General Discussion
In reply to the discussion: Rape more Common than Smoking in the US [View all]salin
(48,955 posts)I can't say that it helped me. And I don't see how it could have helped others. Surviving is step one, healing (which involves *good* therapy is another) is a different thing altogether. These discussions contribute nothing to that.
However, for most of us - we want to see this cycle end. We want to see the number of victims decrease and the number of people who have to work through both survival and healing decrease. That is where this discussion has been both terribly disturbing (stirring up very deep-seeded emotions with some of the disturbing posts - that both serve as reminders of that initial violation - and of the fact that the situation still volatile for current and future generations.) and then - encouraging - given the ratio of supportive:defensive:dismissive posters. I don't know that the ratio would have been the same when I first came to DU more than a decade ago. I *know* the ratio would have been different two decades ago.
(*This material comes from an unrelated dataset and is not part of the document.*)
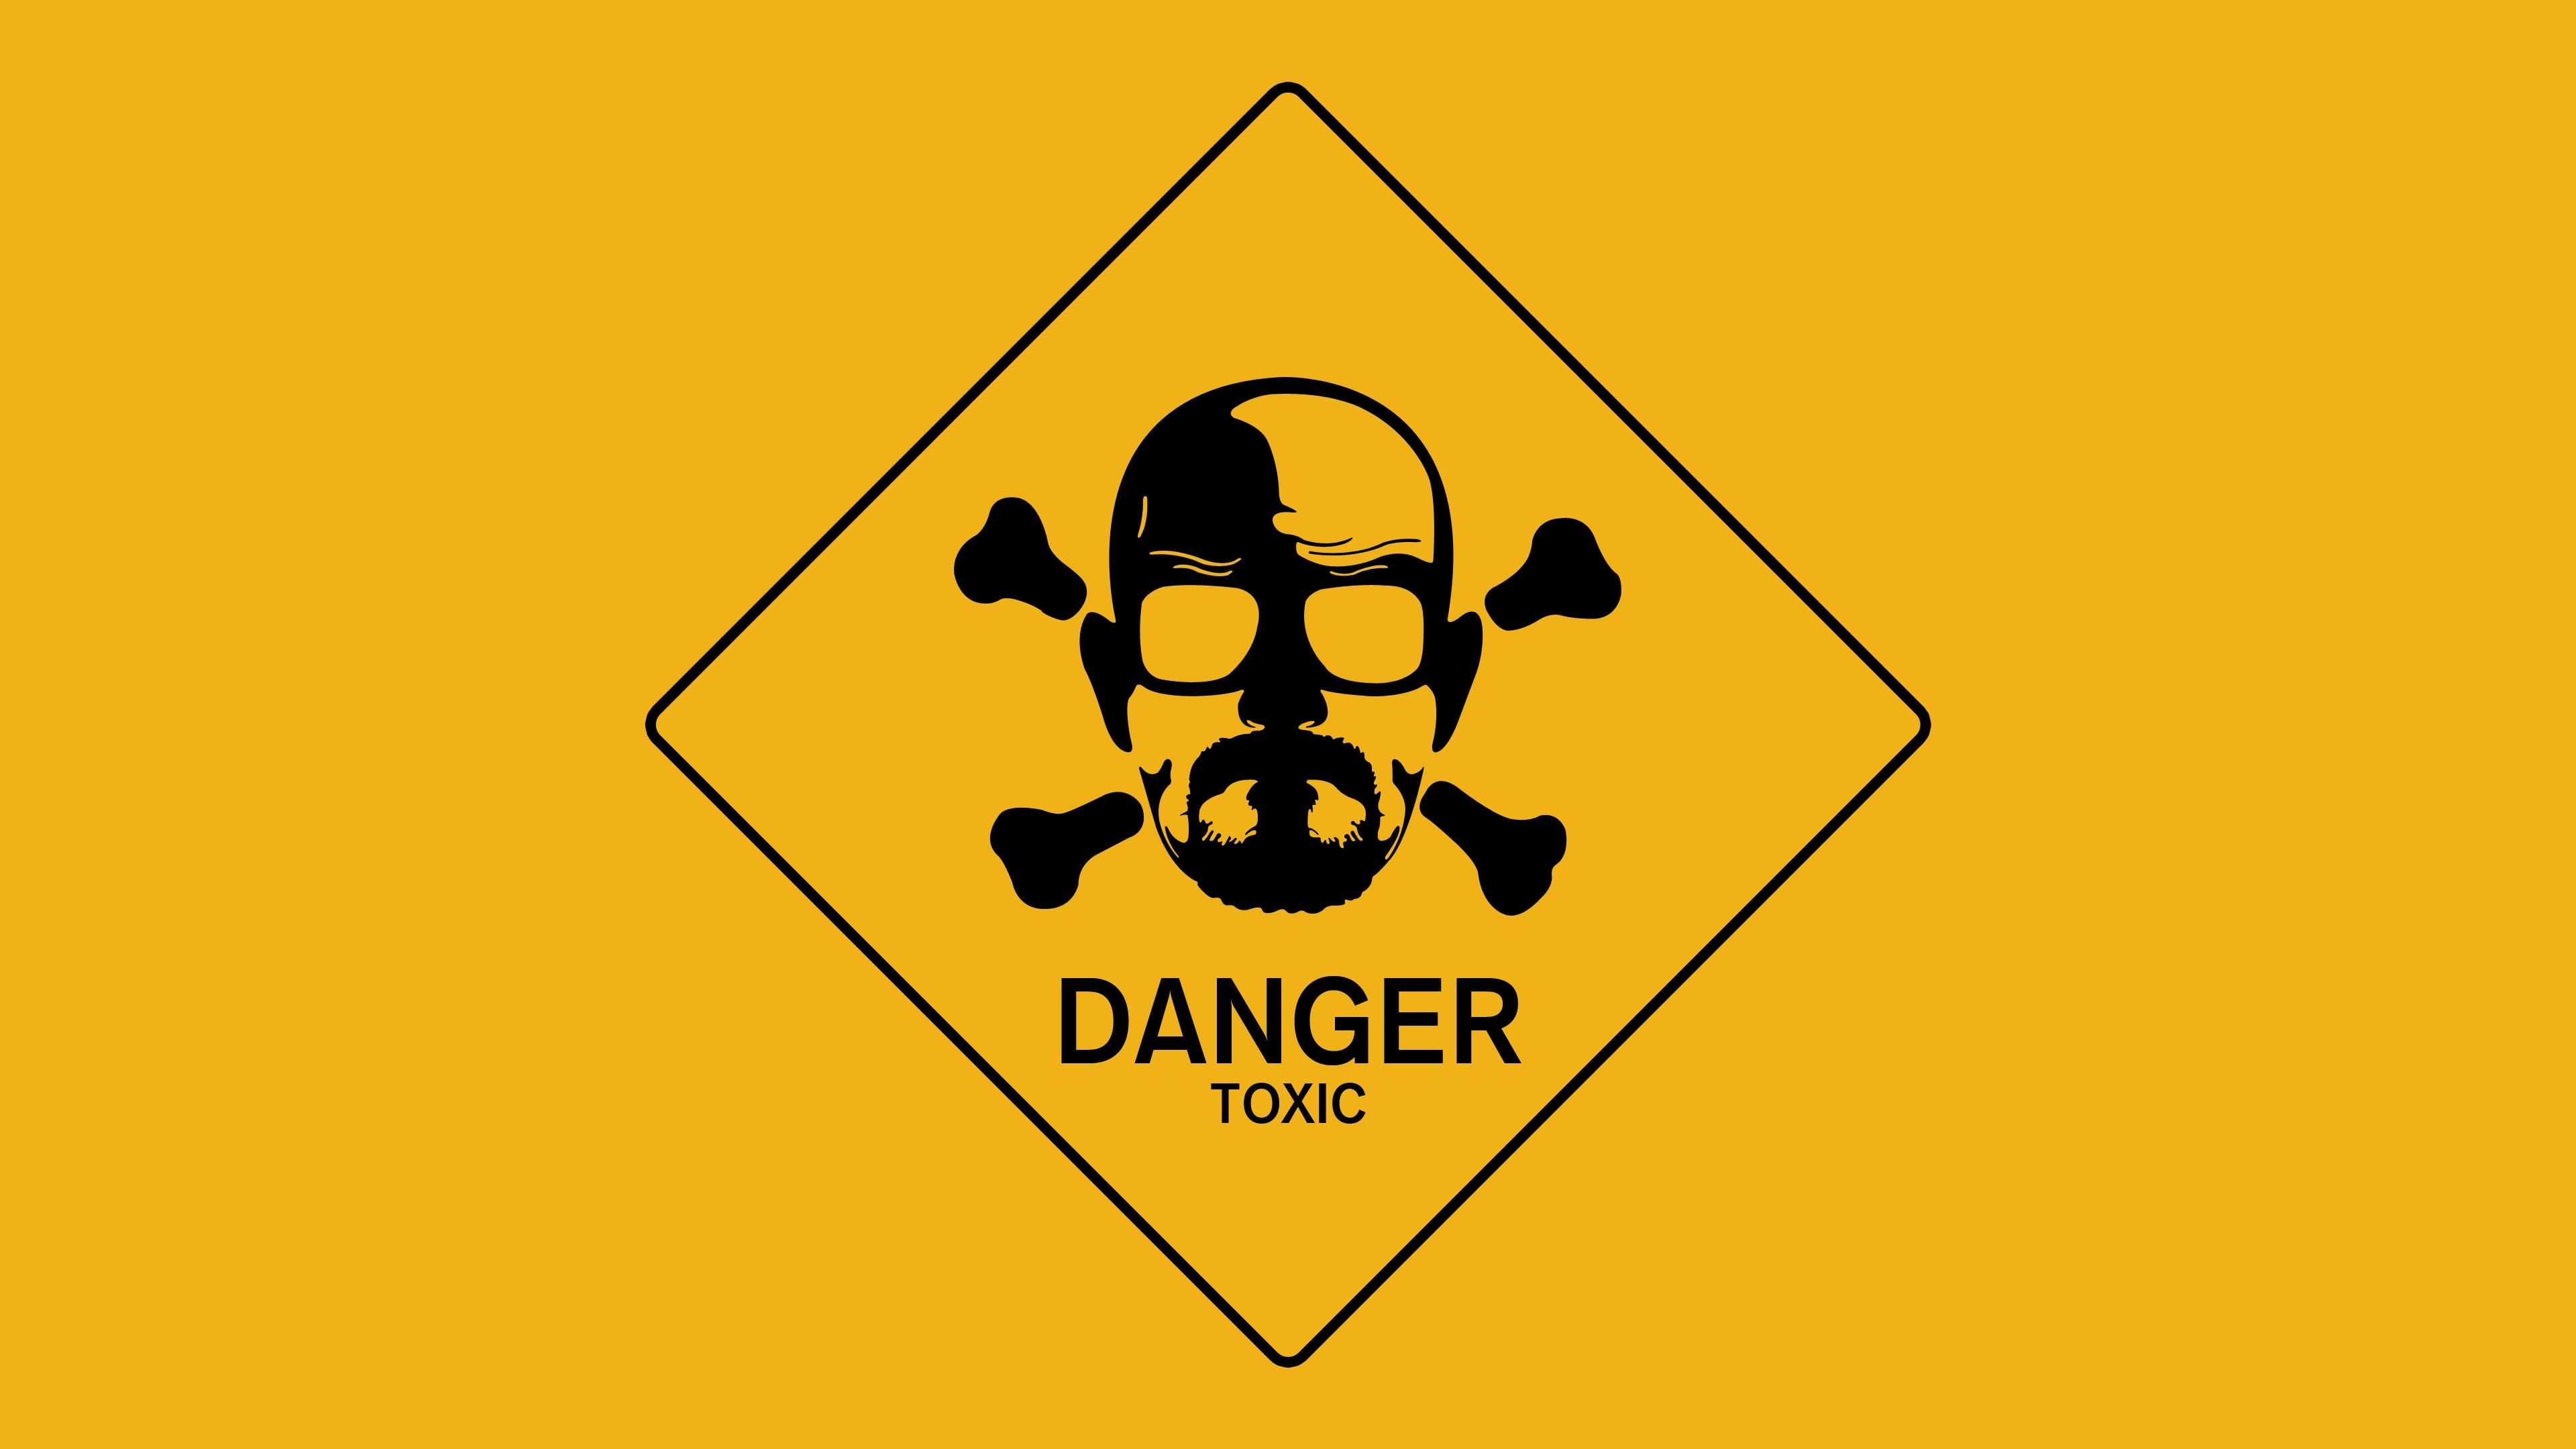 Breaking Bad: Danger, toxic
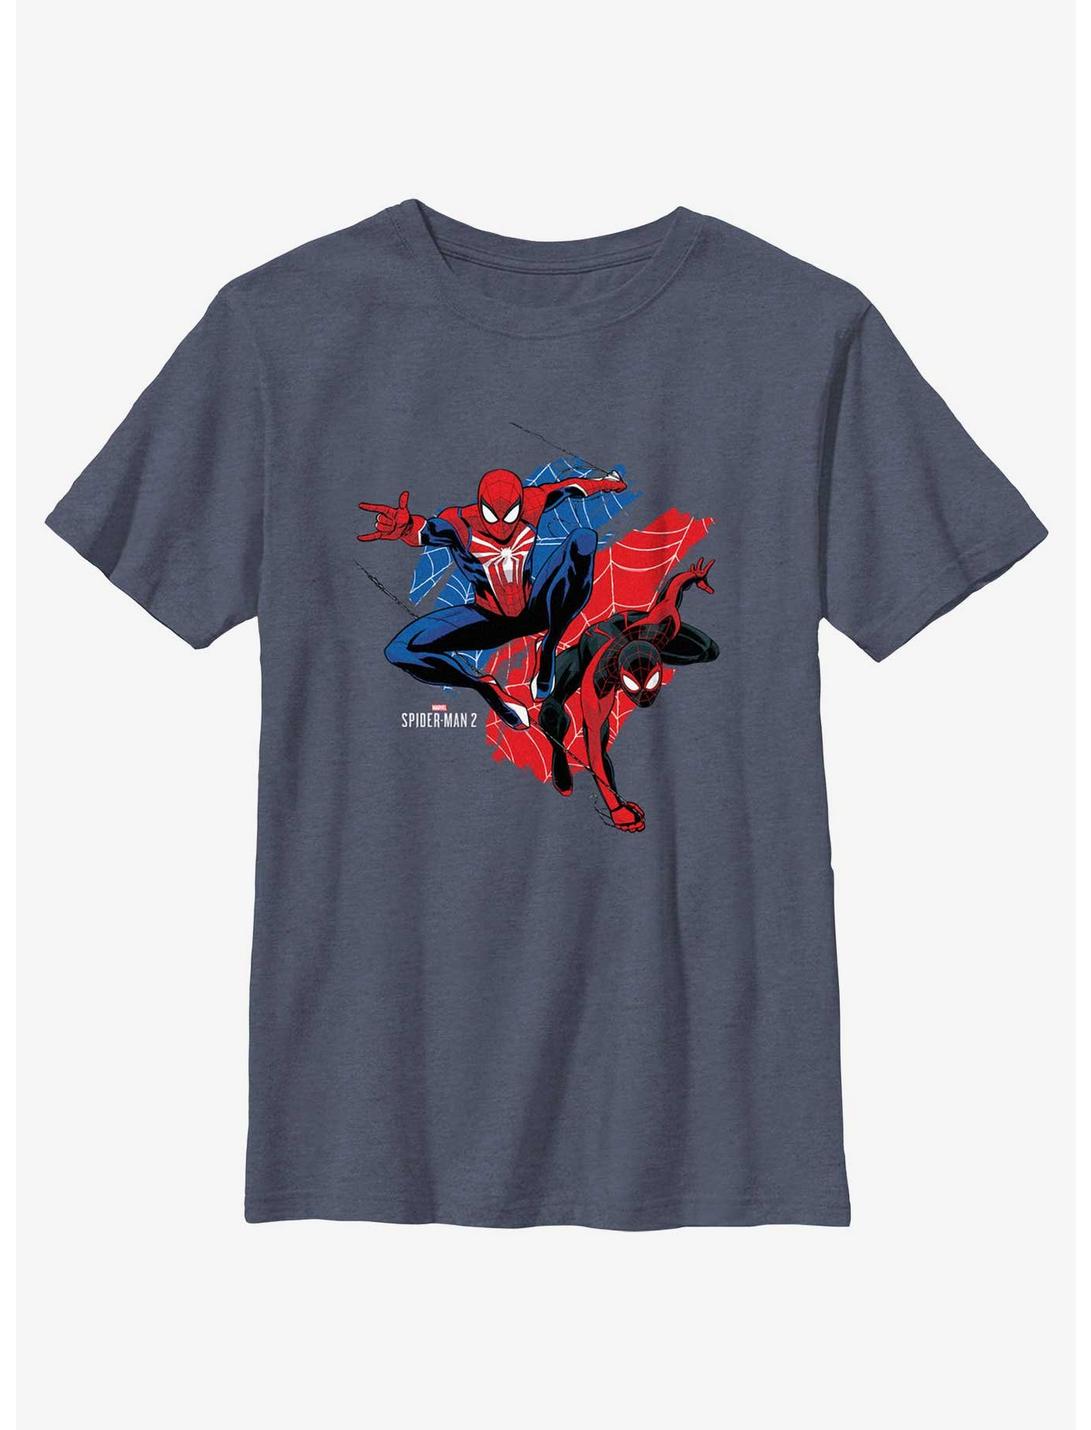 Marvel Spider-Man 2 Game Peter Parker & Miles Morales Youth T-Shirt, NAVY HTR, hi-res

Point is - this doesn't help healing. I have had off line conversations with other survivors. This has been a very upsetting and disturbing set of days. Triggers have been sent off from so many directions. However, at least for those of us whose healing has been long underway - the discomfort hasn't been like scabs being pulled off (just general sick feelings). The shaking came not from being back in the throes of the rape - but in the waves of disgust that so many younger people will still at the same level of risk - and still had to face these life-altering circumstances. The utter frustration and dismay at that reality.
Then - as the threads emerged and discussions occured - there is hopefulness. Not for me, not for other survivors (though a greater societal understanding of what survival means is good), but for our collective and protective hope for the next generations. THAT has been productive - and has smoothed over all of the earlier jitteriness and ill feelings that emerged in some of us survivors when these discussions began.